Thursday 10 November 2016

Hell or High Water

Two brothers are robbing banks in West Texas. Only small amounts, only what's in the till, nothing too substantial. Two Texas Rangers are on their trail. But what motivates them and what will become of them is the meat of this engaging thriller-drama. It's clearly got modern-western influences (the depleted nature of the rural communities, the Nick Cave/Warren Ellis soundtrack, even Jeff Bridges performance, which is not wildly far away from his "True Grit" performance even if a tad less mumbly).
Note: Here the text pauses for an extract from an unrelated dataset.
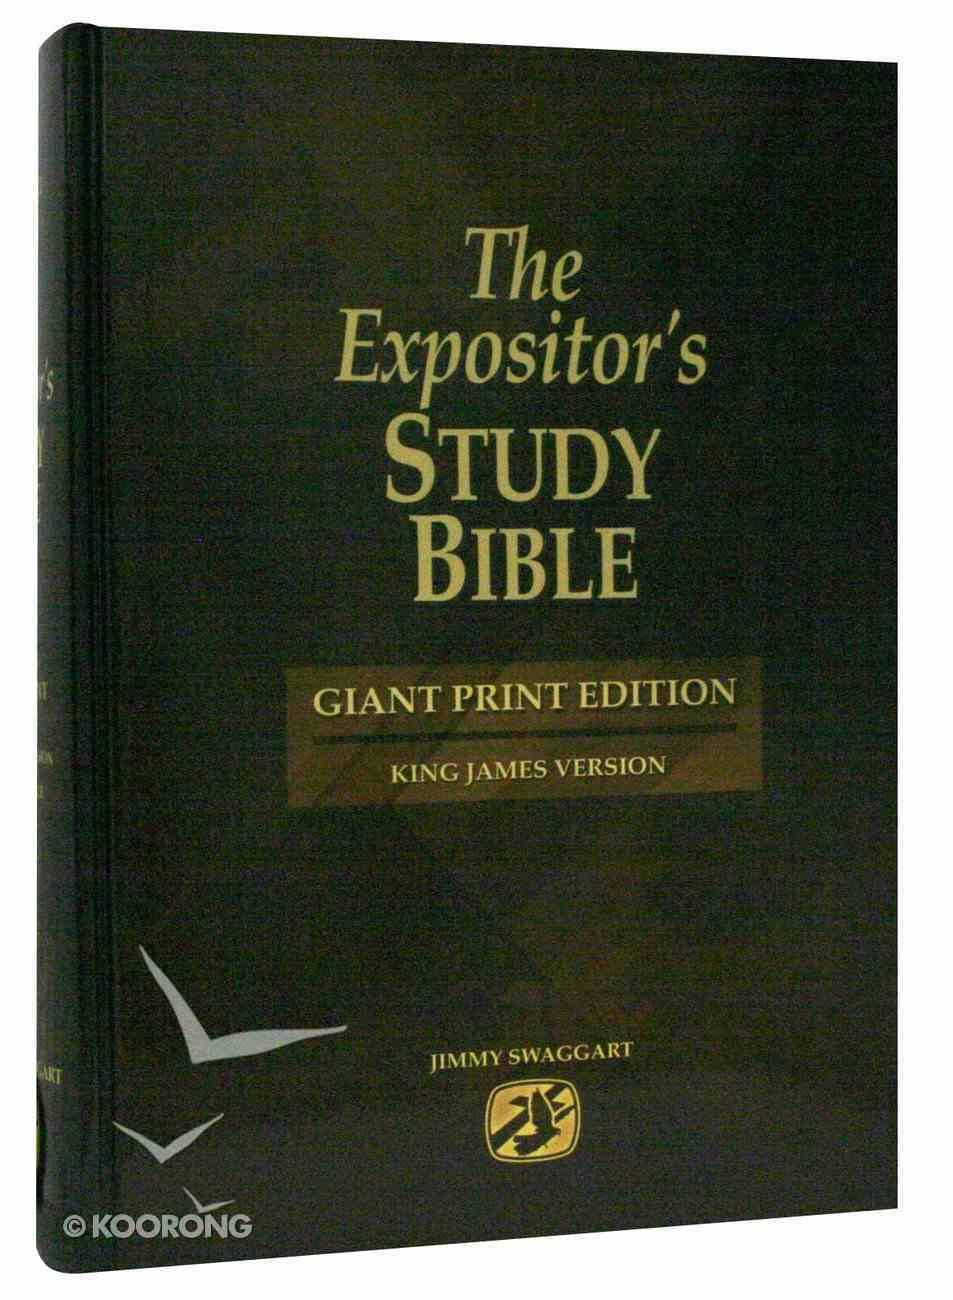 KJV Expositor's Study Bible Giant Print Hardback
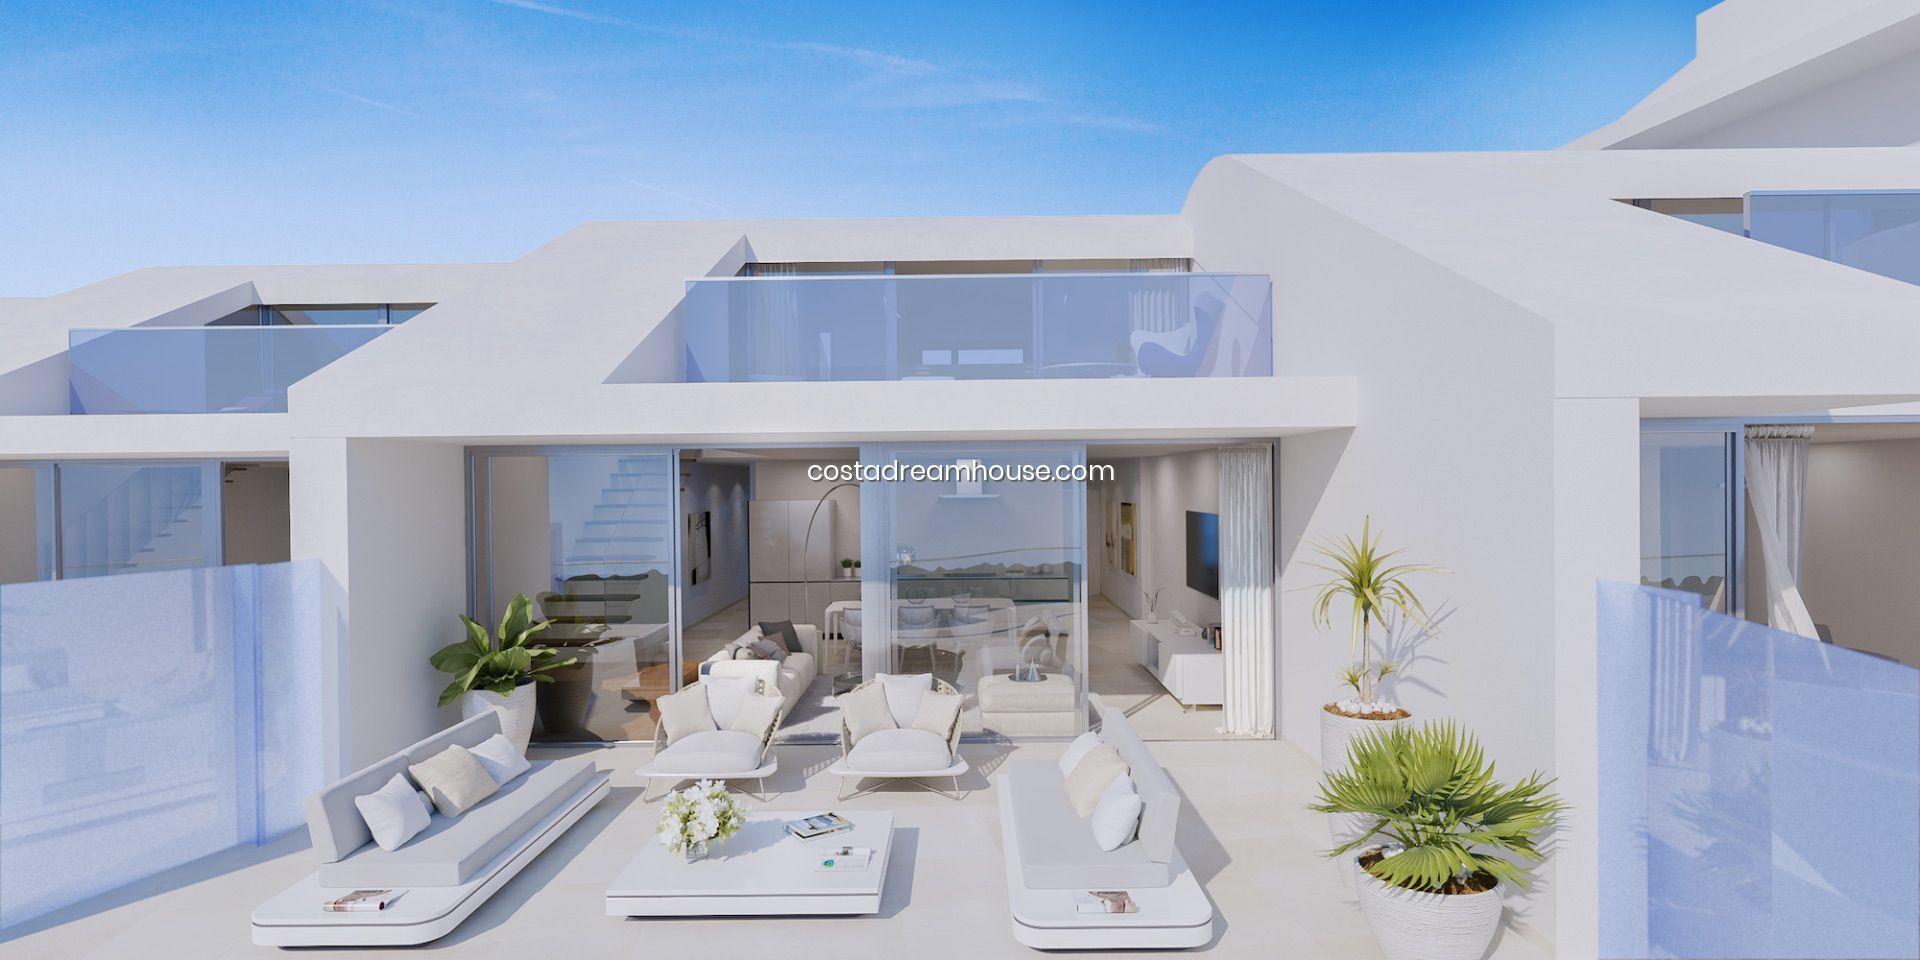 New Development Of Apartments In Benalmádena

But most of all this is a vehicle from some great performances - Chris Pine stands out as the somewhat more decent brother, solid and true, but Ben Foster also enjoys his moments as the more improvisational-wild-card brother. And Bridges and Gil Bermingham have a lovely give-and-take companionship as the two rangers - while having Bridges be just-short-of-retirement should feel slightly cliched at this point, it mostly serves to let him be slightly outmoded and a little carefree in how he goes about his work, with Bermingham largely being his straight-man companion.

There is a pure rage that's boiling just under this about the unconscionable nature of banking in destroying rural communities, but it's never quite at the polemic level, instead letting this be about the people and the story. And this is a solidly engaging story, well told, and well worth catching.